Last Sunday, in the first reading from Acts of the Apostles, we saw the early Christians in crisis because they grew in number. The Hellenists, Jews from the diaspora, complained that the Hebrews discriminated against the widows of the Hellenists in the daily distributions of food and probably other materials. The crisis would have been a source of disgrace for the early Church, however, the apostles listened to the Hellenists, invoked the Holy Spirit, and with the cooperation of the Hellenists, grace came forth from what would have been a disgrace; the resolution of the crisis gave birth to the ministry of deacons in the Church.

The early Christian community chose seven men, and the apostles ordained them deacons to serve the needs of the community. The first reading from last Sunday mentions Philip as one of the deacons. This Philip is different from Philip the Apostle. Some refer to him as Philip the deacon or Philip the evangelist. Today’s first reading centers on the missionary activities of this Philip in Samaria. In the city of Samaria, Philip proclaimed Christ to the people, he delivered those with demonic possession, and he healed the sick. How did Philip find his way to Samaria?

Recall that Stephen was one of the seven men that were ordained deacons along with Philip. Chapter 7 of Acts of the Apostles tells how Stephen was persecuted and killed. The beginning of Chapter 8 tells us that after Stephen was martyred, great persecution of Christians broke out in Jerusalem. All the Christians, except the apostles were scattered throughout Judea and Samaria. Even though the Christians were running for their lives, they preached the good news wherever they went. That was how Philip made his way to Samaria, and he, like the rest, continued to make more disciples for Jesus.

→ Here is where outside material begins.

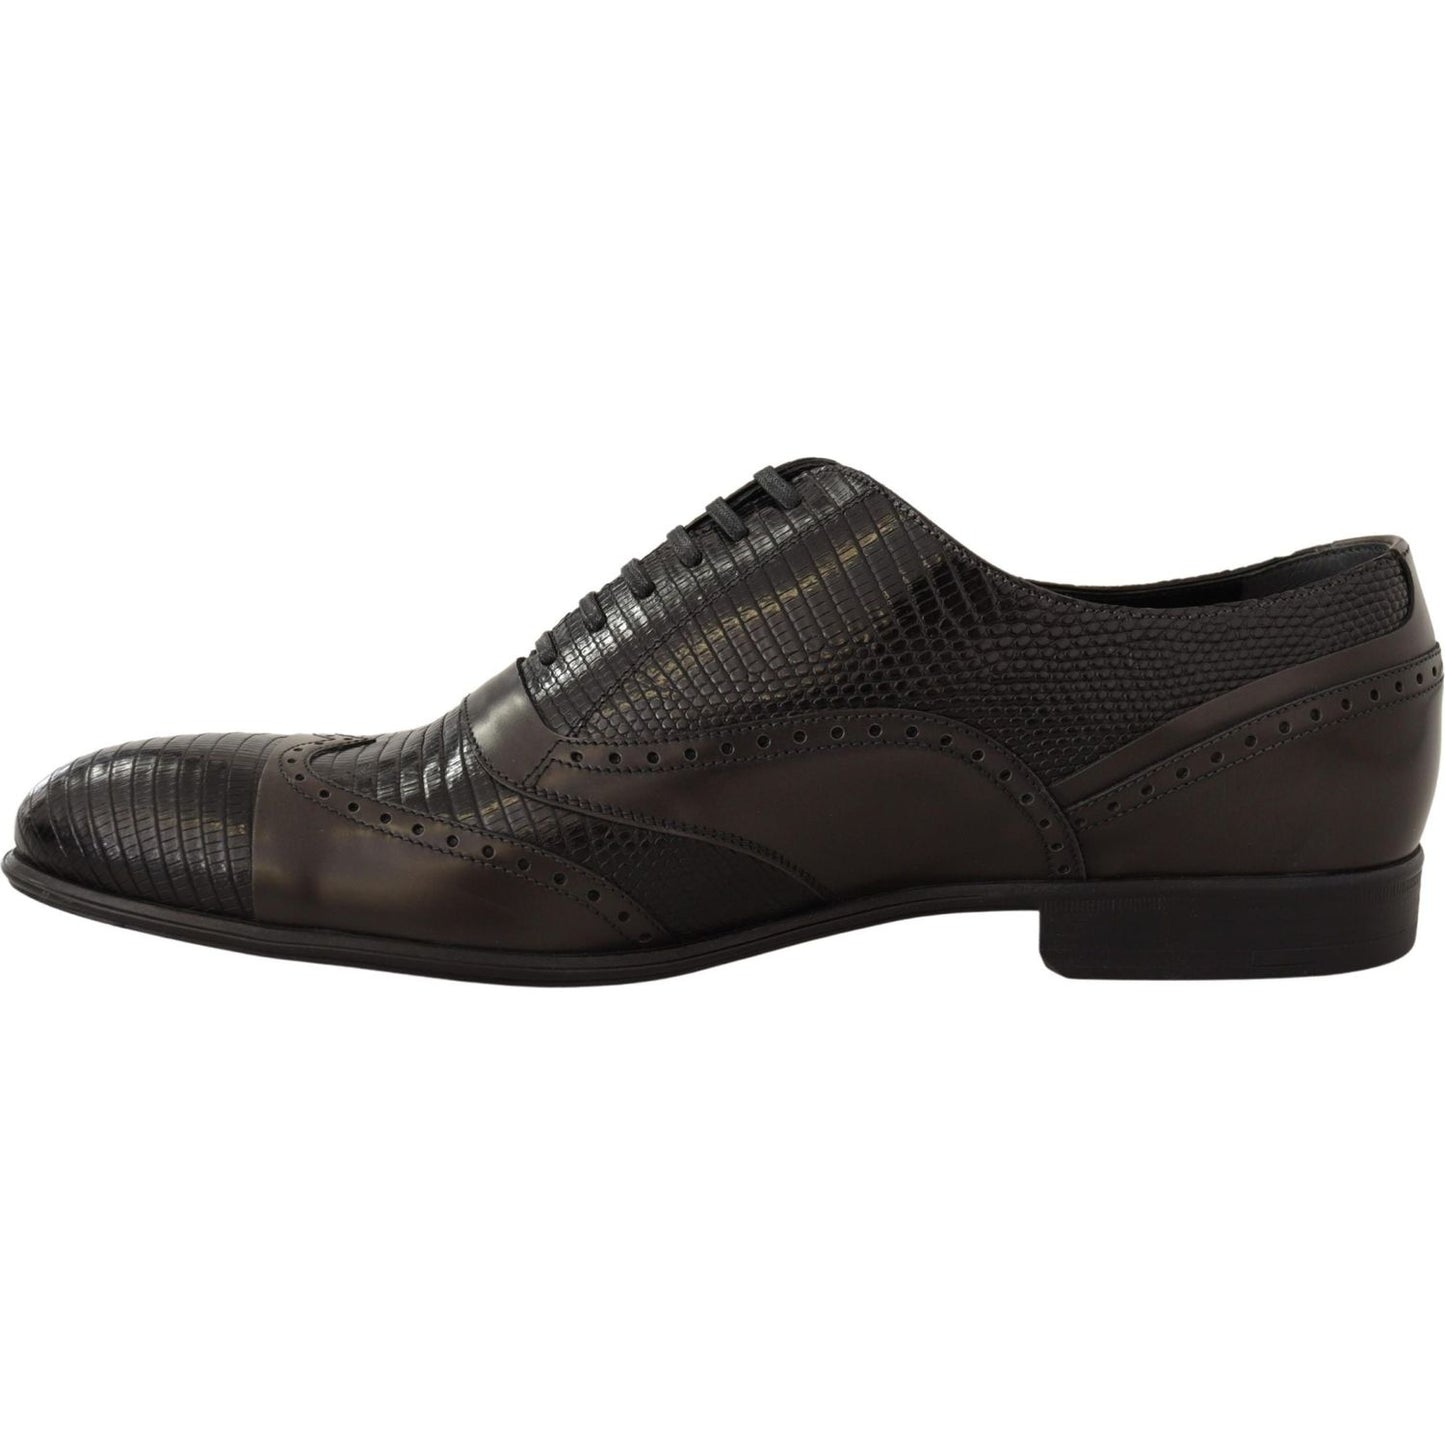 Dolce & Gabbana Elegant Brown Lizard Leather Oxford Shoes brown-lizard-skin-leather-oxford-dress-shoes Dress Shoes IMG_9979-scaled-13e196b9-4e2.jpg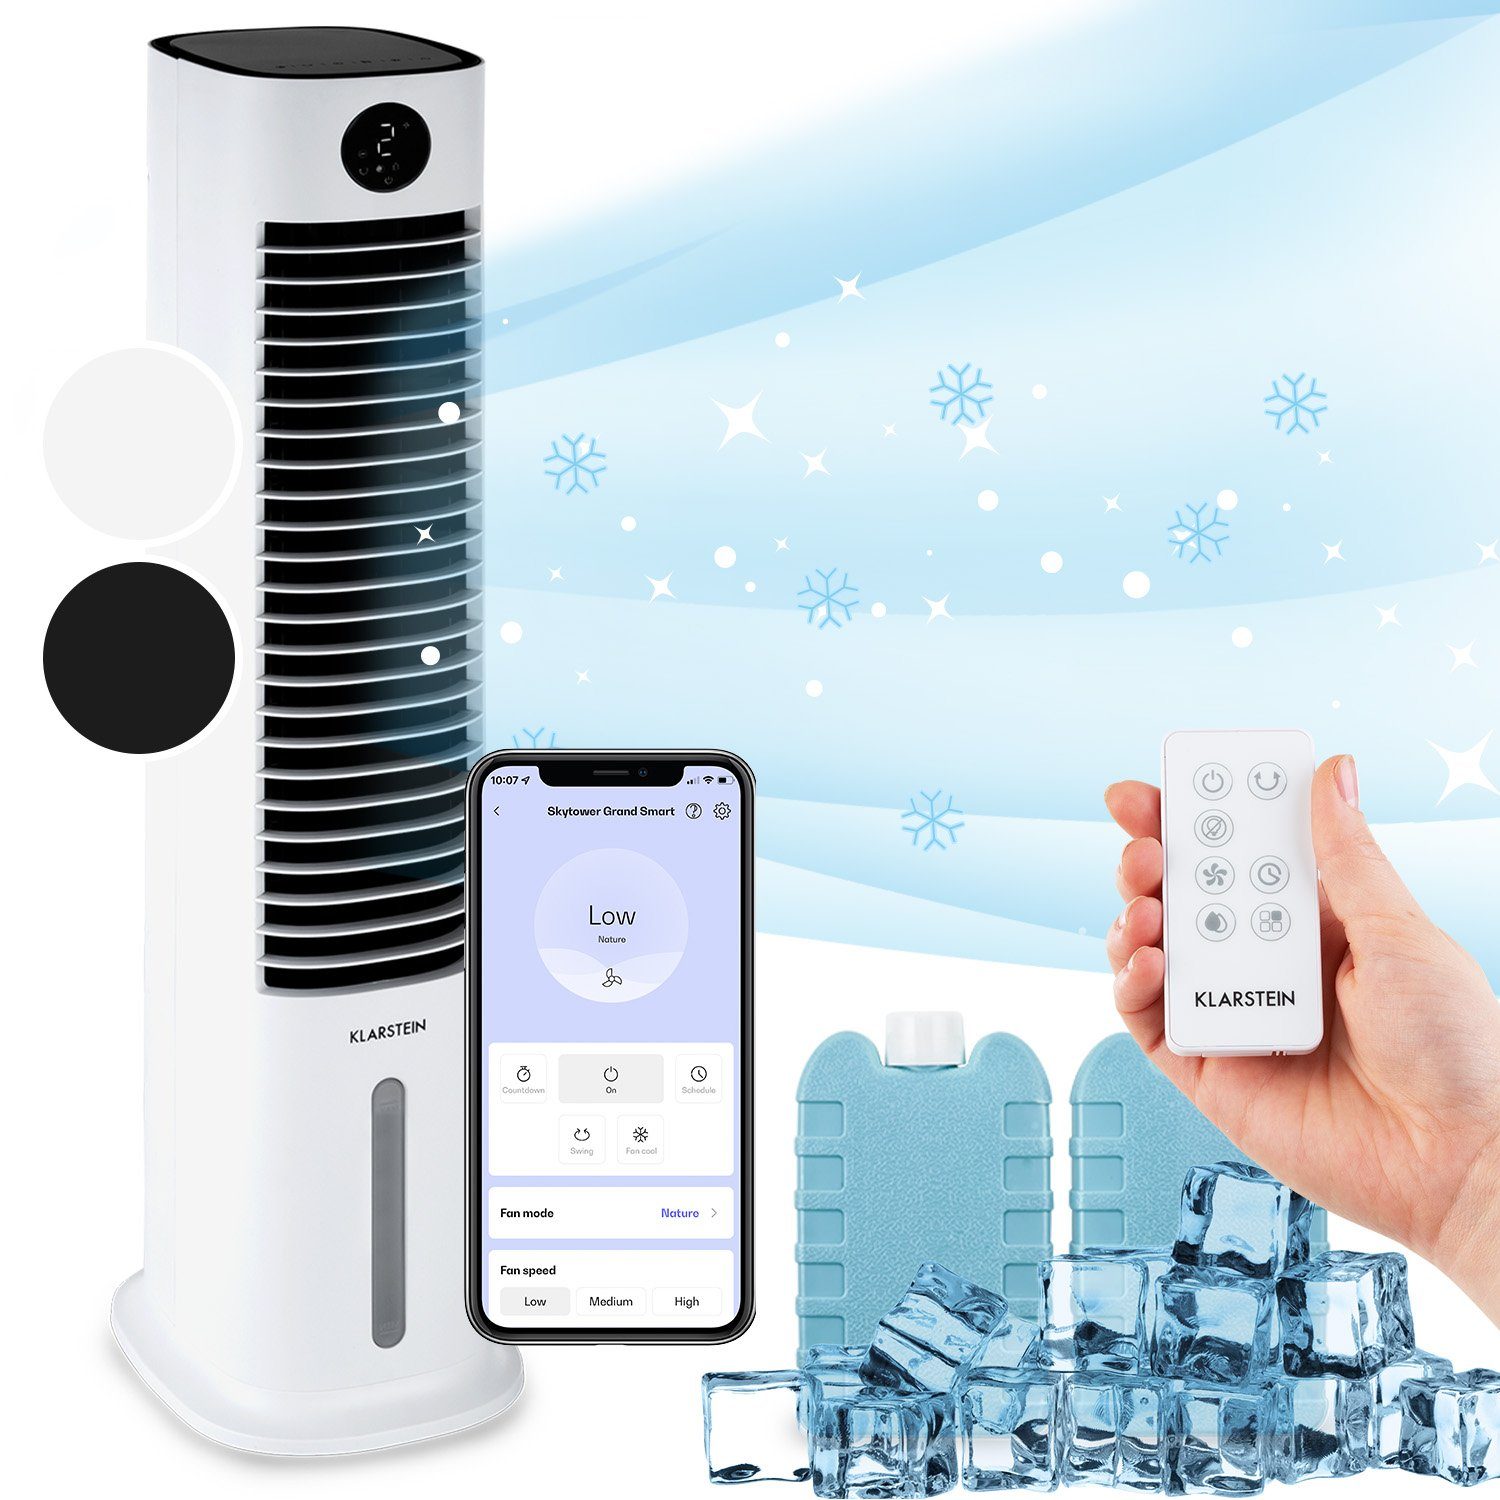 Klarstein Ventilatorkombigerät Skytower Grand & Klimagerät Smart ohne Eis Luftkühler, Abluftschlauch mobil mit Wasserkühlung

It is true that when Jesus became a human being, he was born once upon a time. He was born in a particular town to a particular family and a particular tribe. However, his mission was to the whole world. Even though he began with the Jews as his launching pad, he came for the salvation of all. Before his ascension, he gave his followers the responsibility to preach the good news to the whole world, and to baptize those who believe in the name of the Father, and of the Son, and of the Holy Spirit. After his ascension, it seemed his followers remained in their comfort zone; they remained in Jerusalem. It was when the persecution of Christians broke out in Jerusalem that the Christians began to scatter from Jerusalem. In that process, the good news went with them to other parts of the world.

The pattern we see here reveals Christ in the crisis; it reveals grace in disgrace. It was the conflict between the Hebrews and the Hellenists that brought the grace of the ministry of deacons. It was the persecution of Christians in Jerusalem that took the message of Christ to the rest of the world.

For the most part, as human beings, we love to be comfortable. We want things to happen according to our plans. We try to avoid crisis. When we apply for school or job, we want to receive “Yes” as our answer. When we write an exam, we want to pass with distinction. We want to make gains in our businesses. We want our marriage to be perfect. We want people to like us and speak well of us. When these things don’t happen the way we want, we are tempted to give up easily. As Christians, we think that it is our right to have everything work in our favor. But from the story of the early Christians, we see that remaining in their comfort zone would have prevented the actualization of the growth of the kingdom. In case you question whatever is frustrating you now, don’t give up! Seek the help of the Holy Spirit to help you discover the grace in that disgrace; to help you discover Christ in that crisis. The difficulty you are facing now may be preparing you for something great. Don’t just go for comfort, don’t be attached to your comfort zone. Remember the words of Benedict XVI, “The world gives you comfort, but you were not made for comfort, you were made for greatness.”